§ PROBLEM TO WORK ON: Exactly the lines starting at the line containing "After Track på" and ending at the line containing "Washable Pre-Motor Stick" are to be written out from the listing below, both included.

§ MATERIAL PROVIDED:
--- START ---

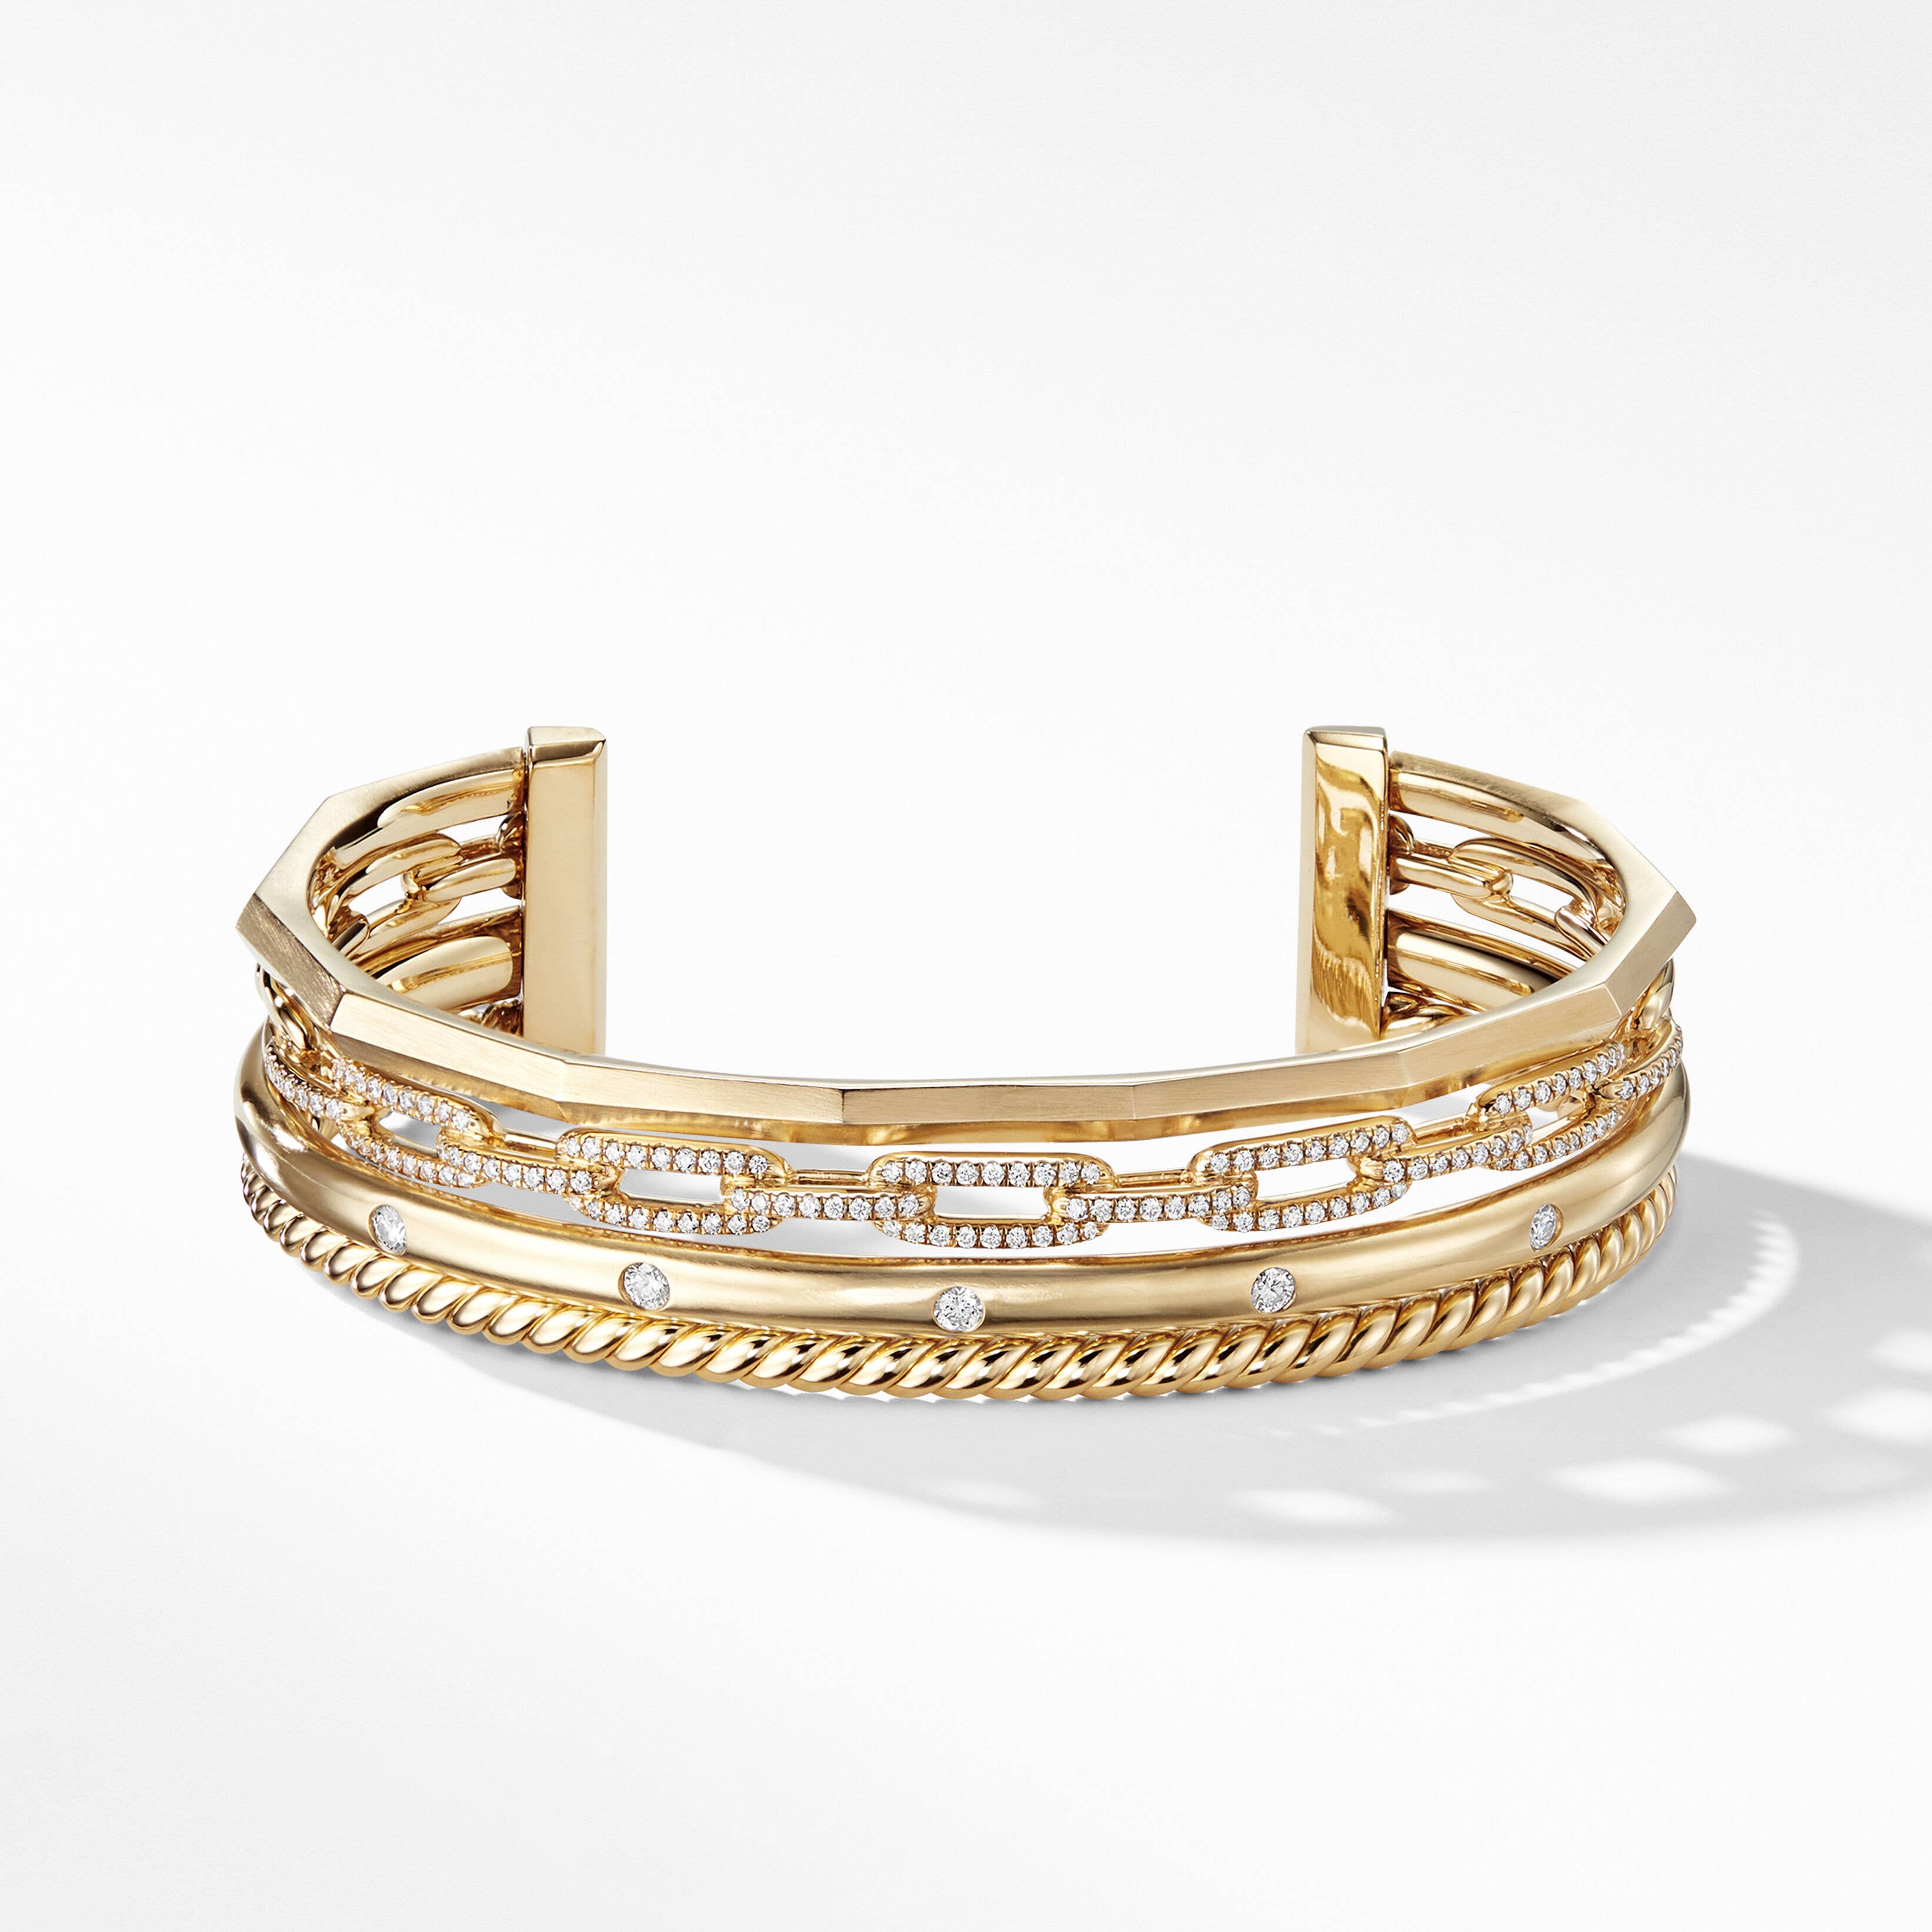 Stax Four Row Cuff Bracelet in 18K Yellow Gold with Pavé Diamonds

--- END ---
--- START ---

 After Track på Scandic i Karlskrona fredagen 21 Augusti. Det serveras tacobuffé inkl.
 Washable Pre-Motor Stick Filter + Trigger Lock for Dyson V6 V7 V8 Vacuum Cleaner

--- END ---
--- START ---

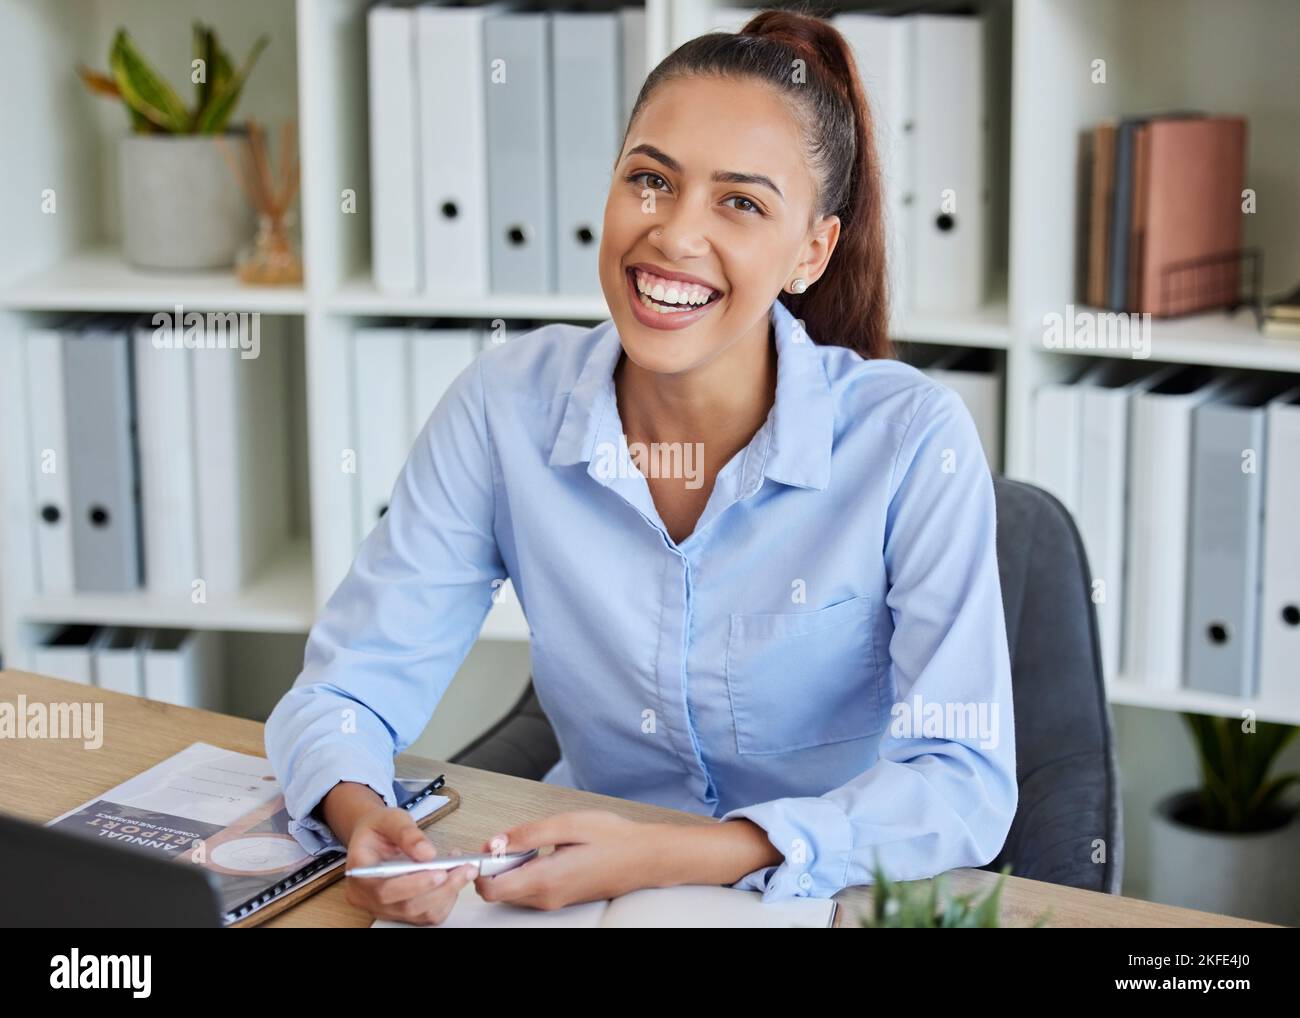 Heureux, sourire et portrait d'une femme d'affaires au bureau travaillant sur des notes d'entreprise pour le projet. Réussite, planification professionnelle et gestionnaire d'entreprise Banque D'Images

--- END ---

§ REPLY TO THE EXERCISE:
 After Track på Scandic i Karlskrona fredagen 21 Augusti. Det serveras tacobuffé inkl.
 Washable Pre-Motor Stick Filter + Trigger Lock for Dyson V6 V7 V8 Vacuum Cleaner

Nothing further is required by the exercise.